Compiled by: Yuliya, PANews

Recently, many people have been asking me a question: Why have I become so close to the cryptocurrency circle?

In fact, this opportunity started around 2022, and it has been about four years now. As a practitioner in the traditional finance field, we have always been closely monitoring and tracking the entire cryptocurrency market's trends.

Today, I am here to give a speech, and the intention is quite simple; I just want to tell everyone a historical story. For me, I consider myself to be a major beneficiary of the last era's dividend. You might see my title as "economist," but I am not a purely academic scholar.

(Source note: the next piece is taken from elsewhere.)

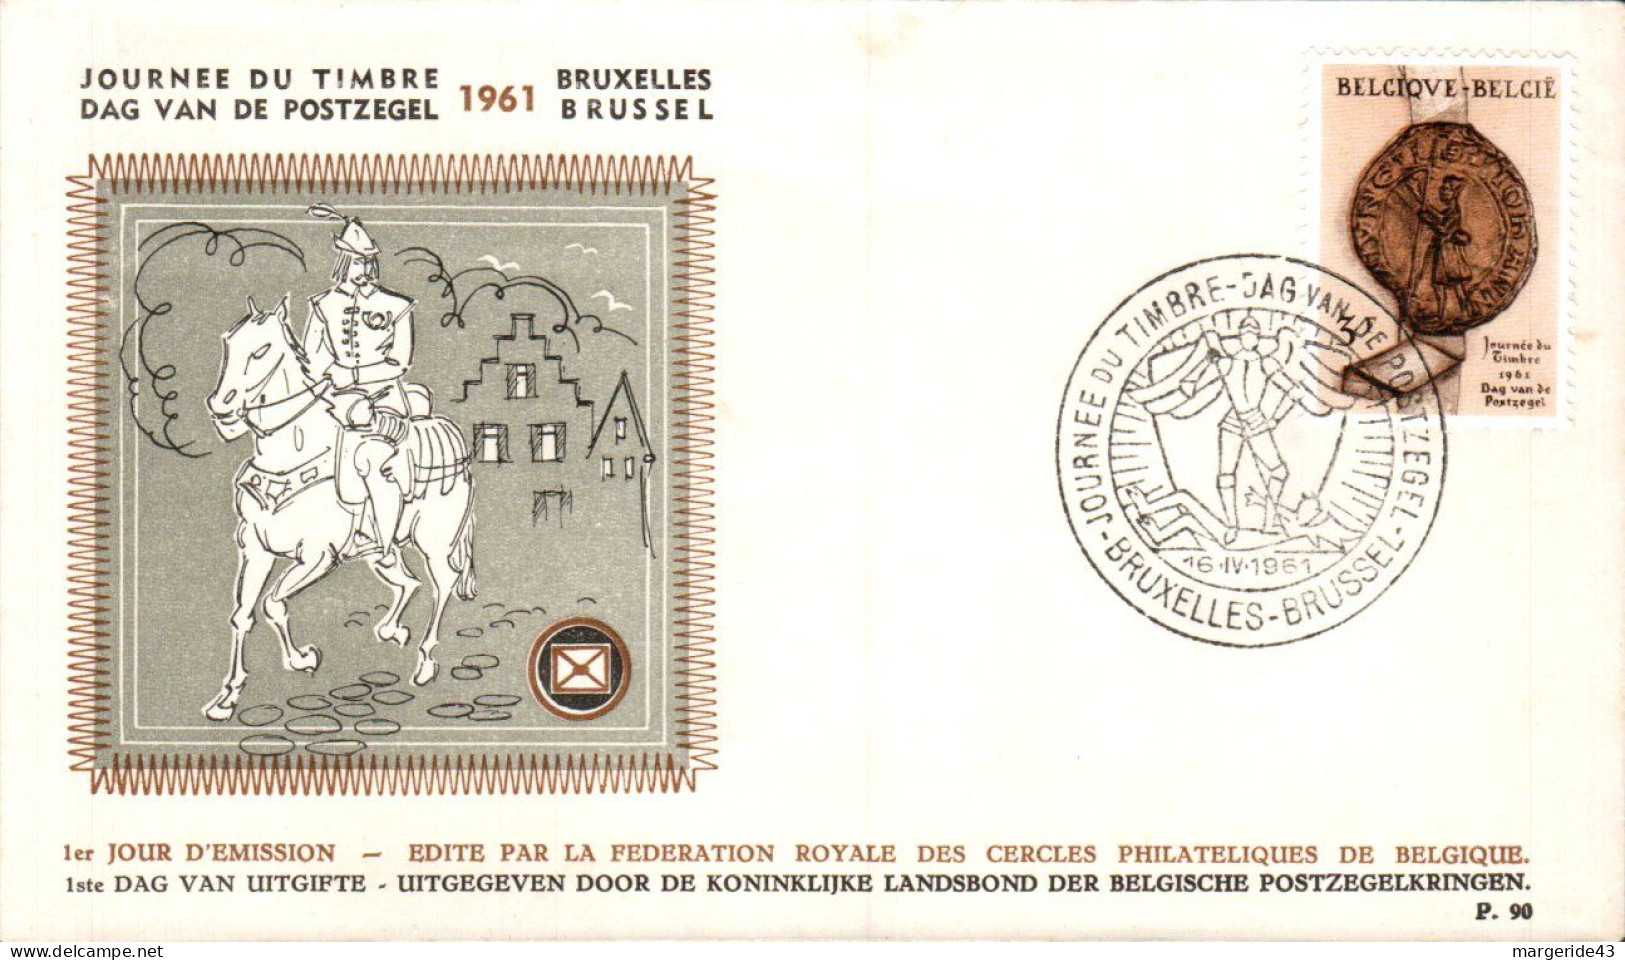 BELGIQUE FDC 1961 JOURNEE DU TIMBRE - Stamp's Day

In the past 25 years, my real core experience, which is our core business, is what everyone understands as traditional hedge funds. You may be curious why these traditional capitals and people in traditional finance are starting to pay attention to cryptocurrency assets?

In the past year and a half, I have repeatedly mentioned a viewpoint: the future will definitely be "FICC+C", meaning traditional major asset allocation (FICC) will include a sequence of cryptocurrency (Crypto). Many people want to know the reason, and I will take this opportunity to share a simple explanation. Once you understand this logic, you may already have the answer in your mind regarding how the market will evolve and how asset prices will move.

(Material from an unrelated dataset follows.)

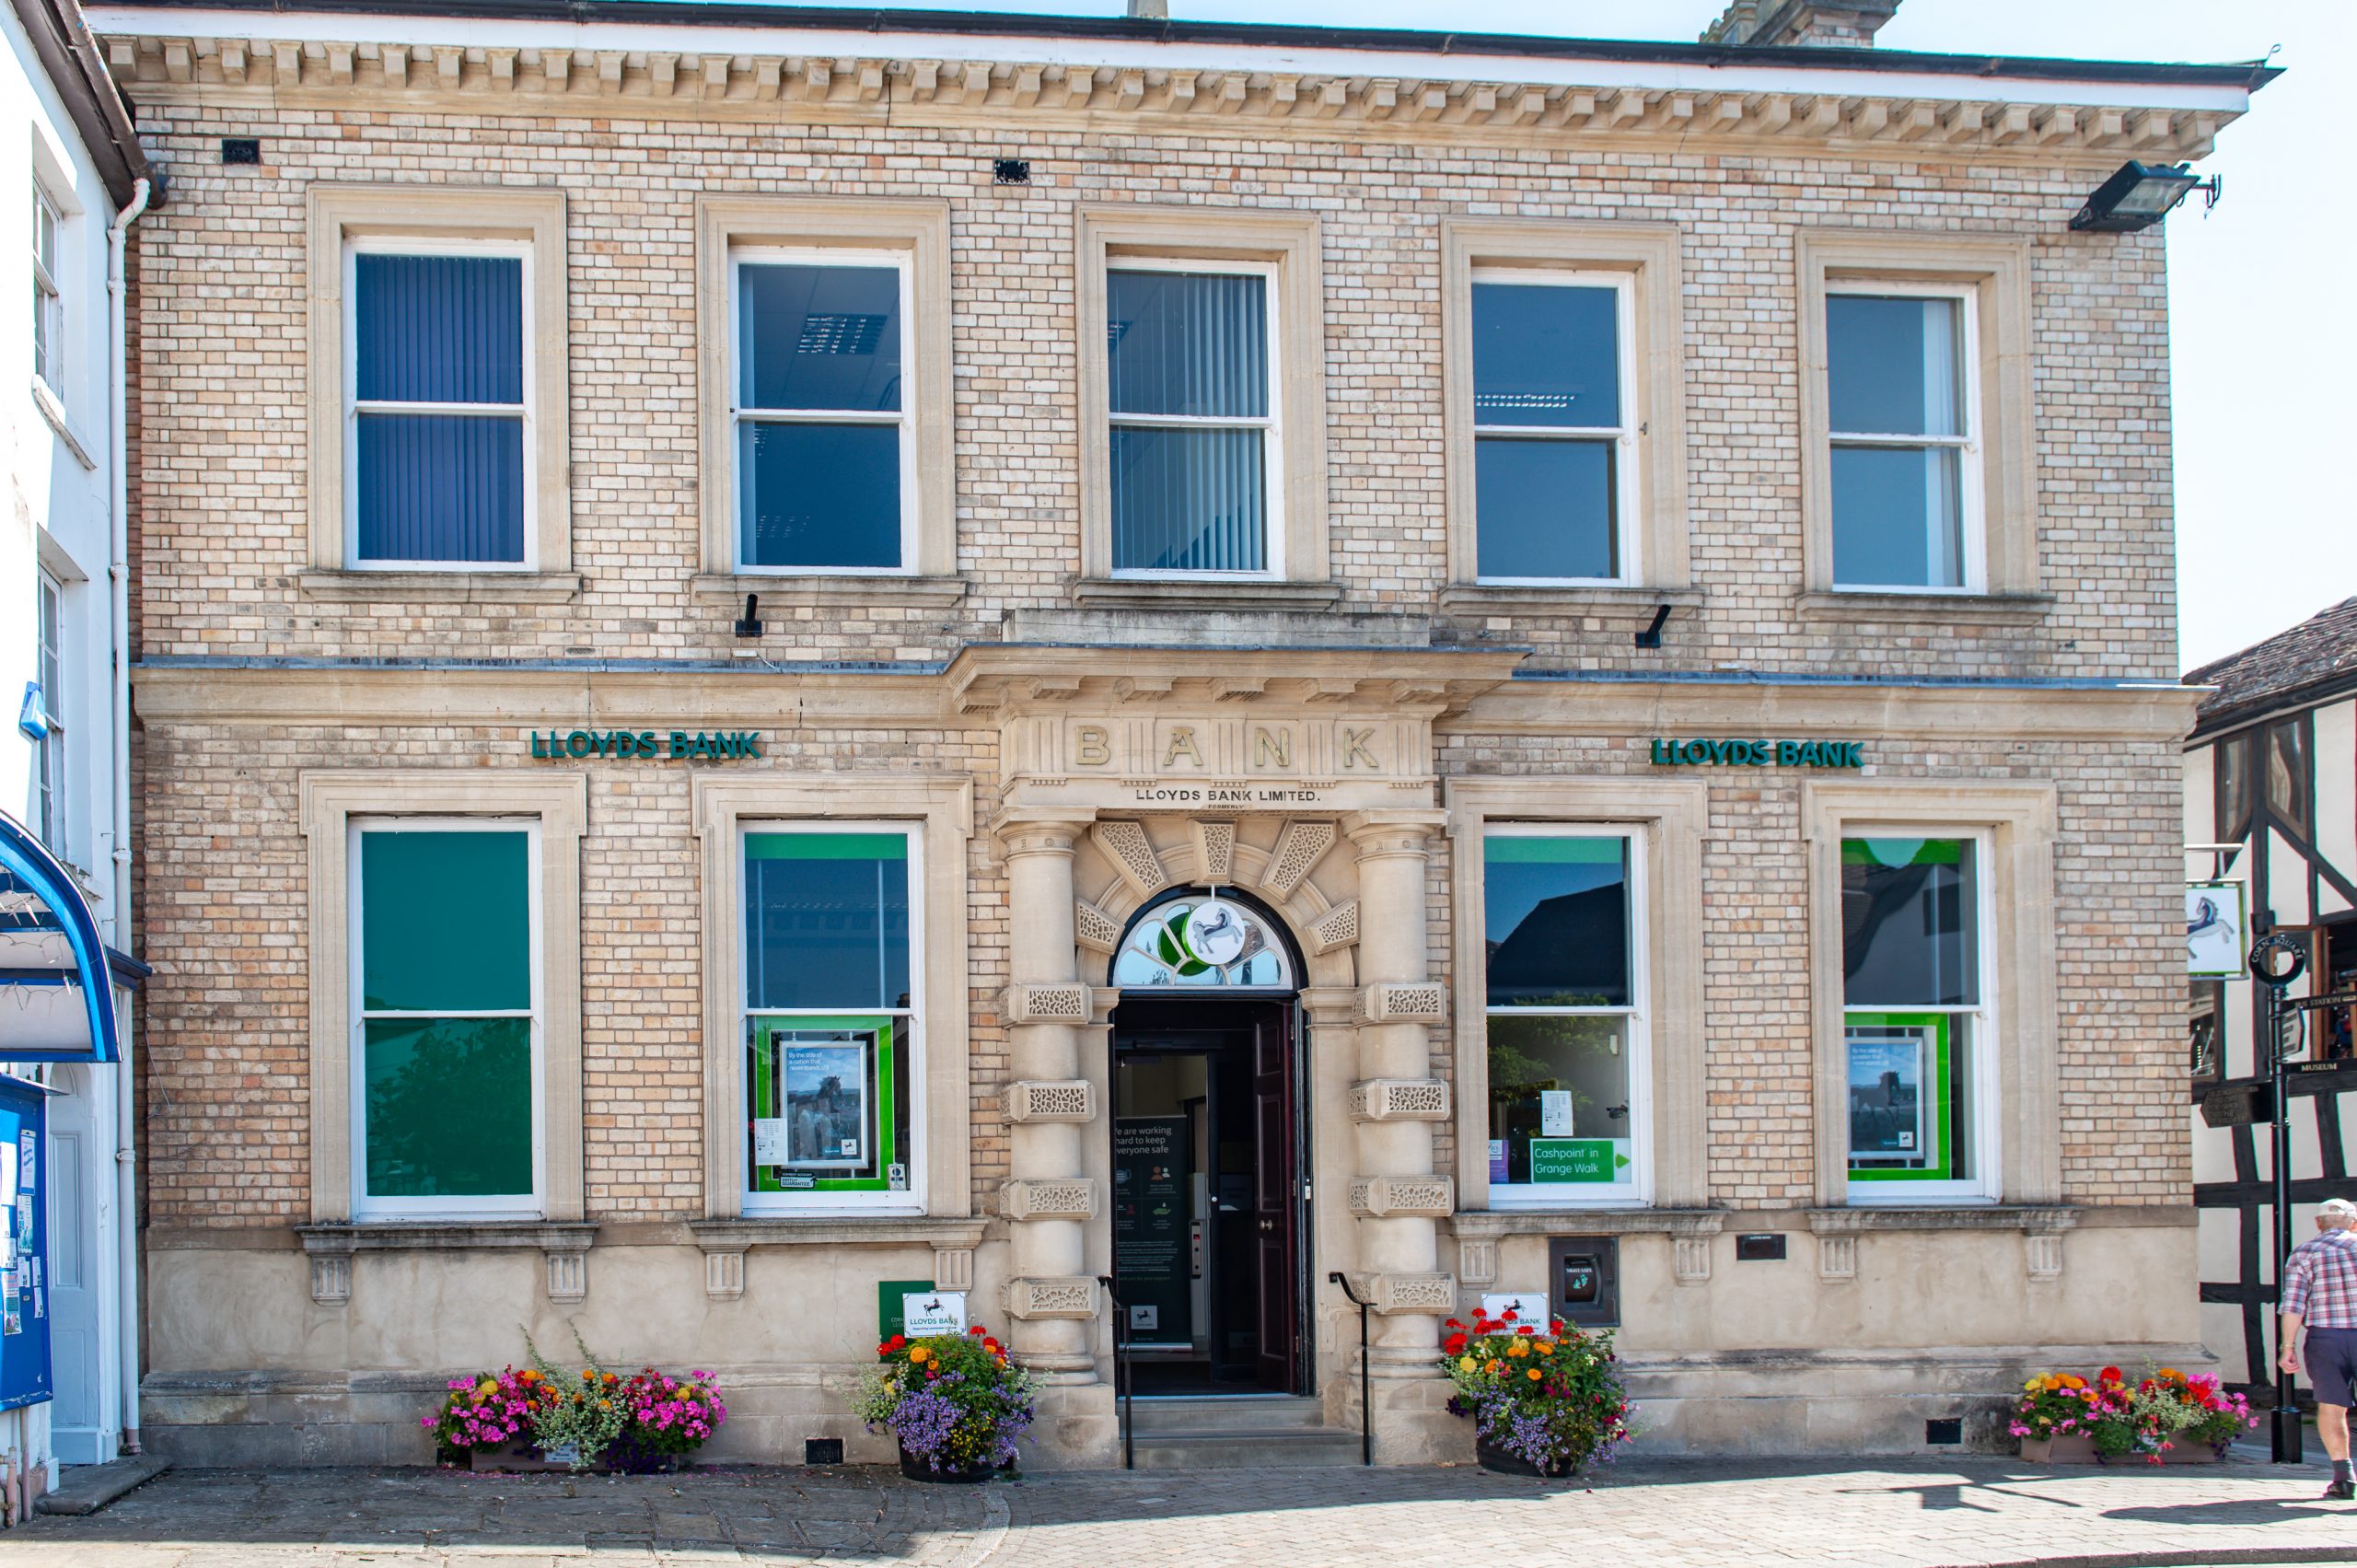 NEWS | Herefordshire branches not expected to be affected by further closures announced by Lloyds Banking Group

Today, I will help everyone burst this bubble. We need to rewind time to the origin of FICC major assets—around the late 1970s to early 1980s. Over the past decade, everyone present has clearly recognized that the overall framework and layout of our world are undergoing tremendous changes. This change is most similar to the period from the 1970s to 1980s right after World War II. For example, earlier Xiao Feng constantly mentioned artificial intelligence, and all the guests also mentioned the fusion of AI. As an important technological advancement and productivity, every leap in technology and productivity will reshape various industries.

Here, "various industries" includes all types of businesses, and naturally, it must include the financial sector. Finance is not static. It is definitely not what you see in films like "The Big Short" or "The Wolf of Wall Street"—traders wearing vests shouting orders on the trading floor. Or say, when many people visit the New York Stock Exchange, they might still feel that finance is just the quoting and executing in the pit. Indeed, many reporters still prefer to use such on-floor trading scenes as the background for news reports. If you go to Chicago to visit the earliest interest rate derivatives market or the London Metal Exchange, you can still see traces of this history. That’s right, that was the most traditional finance before the 1960s and 1970s. People dressed in vests for quotes, completing transactions through typewriters and punch machines.

For most people in the Chinese-speaking world, the impression of trading may still be watching stock tickers in a stock hall, staring at prices to fill in order slips and submitting them to the counter, which staff members would then call into the exchange to complete transactions. However, not all finance or trading has remained in that era; the biggest transformation in finance must occur alongside technological advancements.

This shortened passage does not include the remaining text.